Once again we see a familiar process: post-training allows for data experimentations that simply want to scale. Why would you limit yourself to a few hundred MCP when an intensive research effort can allow you to cover most valuable economic activities for specialized agents? And at this point, I’m not sure RL environment is the right unit (though it can certainly be a major component to nail complex specialized models). Rewards are just too sparse, directions are just too wide and ultimately, written data opens up just too many benefits in readability, auditability and general system design.
You Should Plan for Greatness
Section titled “You Should Plan for Greatness”There is maybe one catch from the brittle, dispersed state of synthetic pretraining research: the ideal training data has not happened yet.

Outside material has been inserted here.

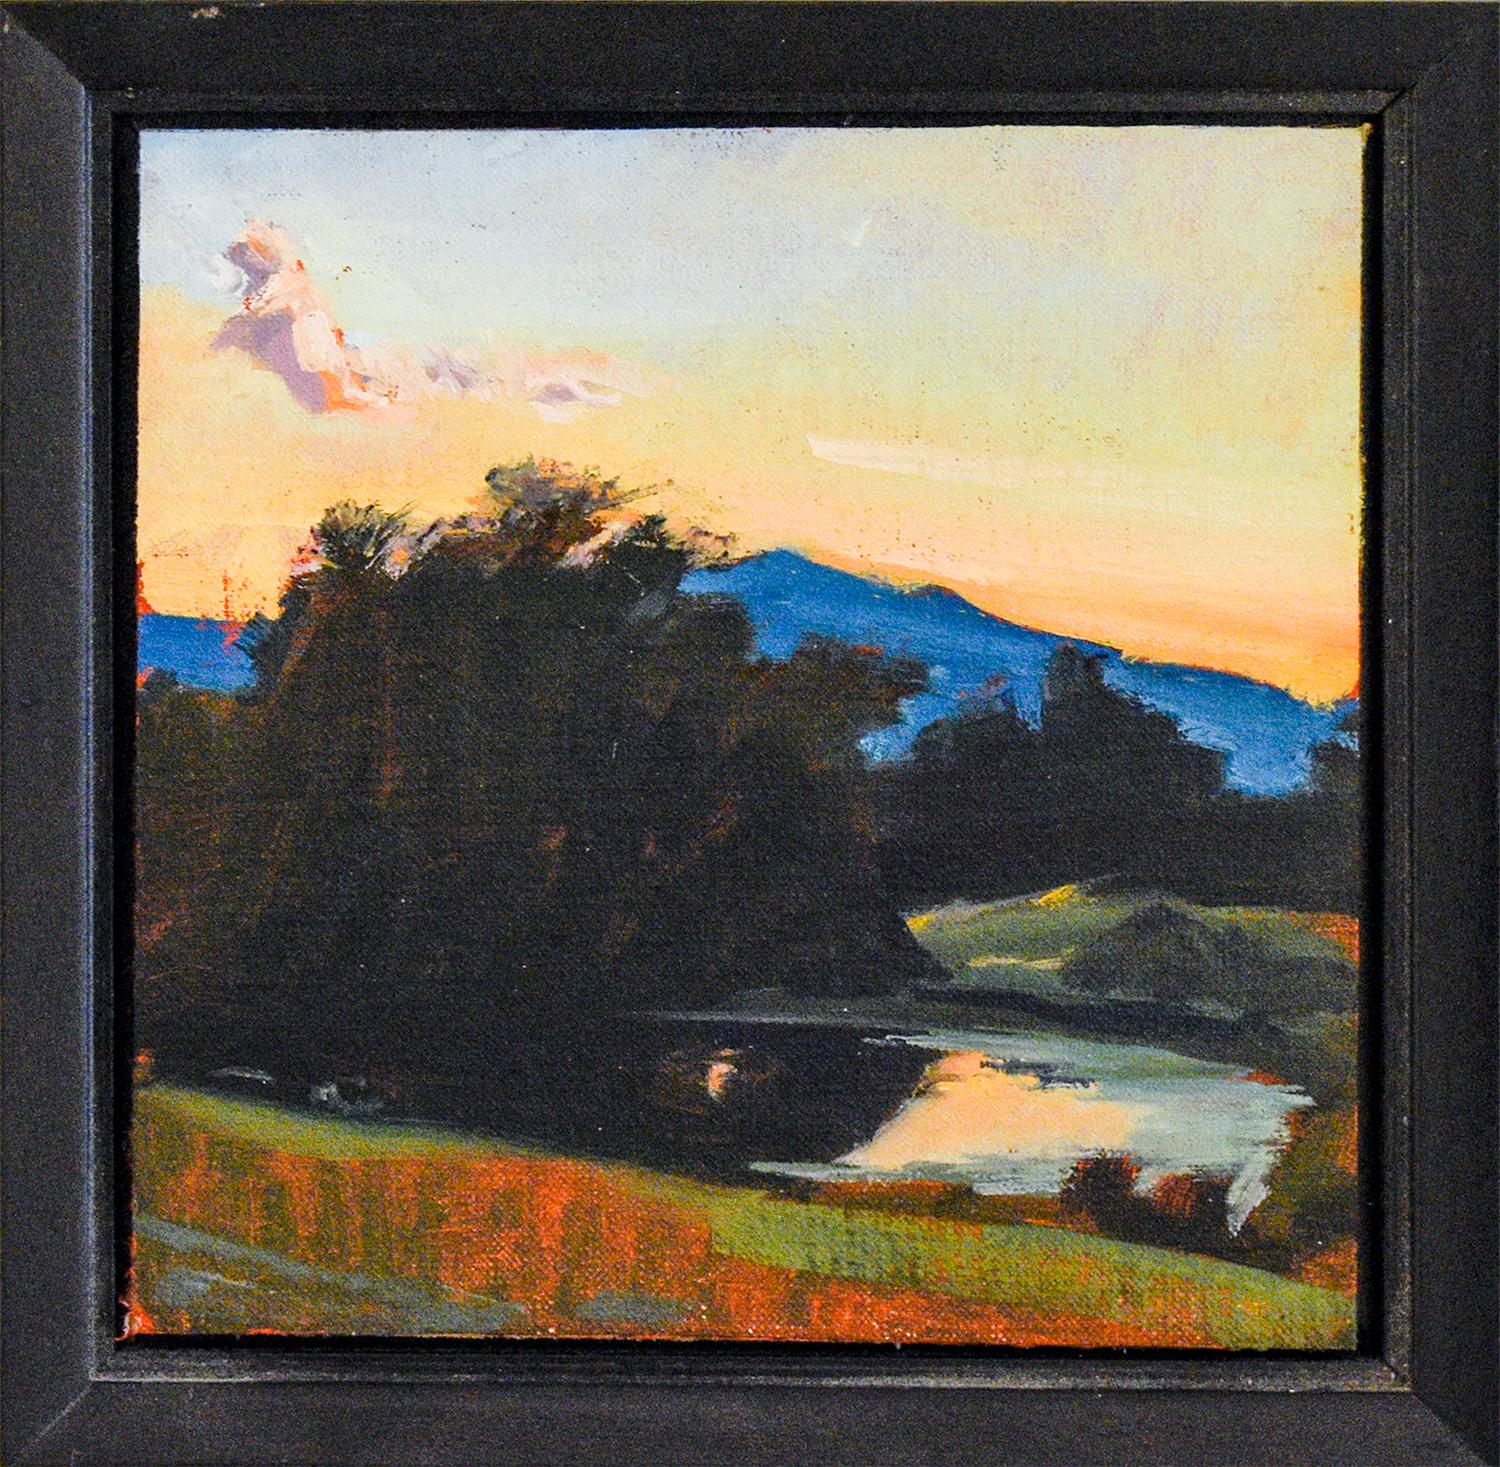 John Kelly Landscape Painting – Herbstlandschaft: Gerahmtes Ölgemälde En Plein Air von Hudson ValIey, Impressionist

In a way, our entire organic training data ecosystem falls into the same curse of capability blindness as Phi 1.5, except it’s not immediately legible and only recently became a problem to solve, as model use cases scaled beyond generalist web interactions and open source code. And the problem compounds: lack of reasoning primitives and/or insufficient logical hardwiring intrinsically put a ceiling on model capacities to tackle harder, compositional problems.
So before even moving on to pre-AGI research (continual learning?), I feel we still have to finalize training. The recurrent mysteries of “why RL works” with some combination of models and environment and not with others seem mostly downstream of fundamental shortcoming of capabilities not being incorporated at the data stage. Through its increasingly abstract stages synthetic pretraining is gradually fleshing out to be a research program to systematically integrate the information and processes we need to build up increasingly complex autonomous systems.
One of the earliest lessons of deep training research was that “greatness cannot be planned”. This lesson still holds at the minute scale: it’s always more beneficial to let the model sort out problems rather than run into endless bitter lesson. And yet once we zoom out and we consider the total space of potential knowledge processes and admit that, yes, there is data we’ll never get and much diversity, sparsity and compositionality in our systems of learning, maybe after all you should start selecting for the skills, the information, the epistemic paths worth knowing.
Maybe you should plan for greatness.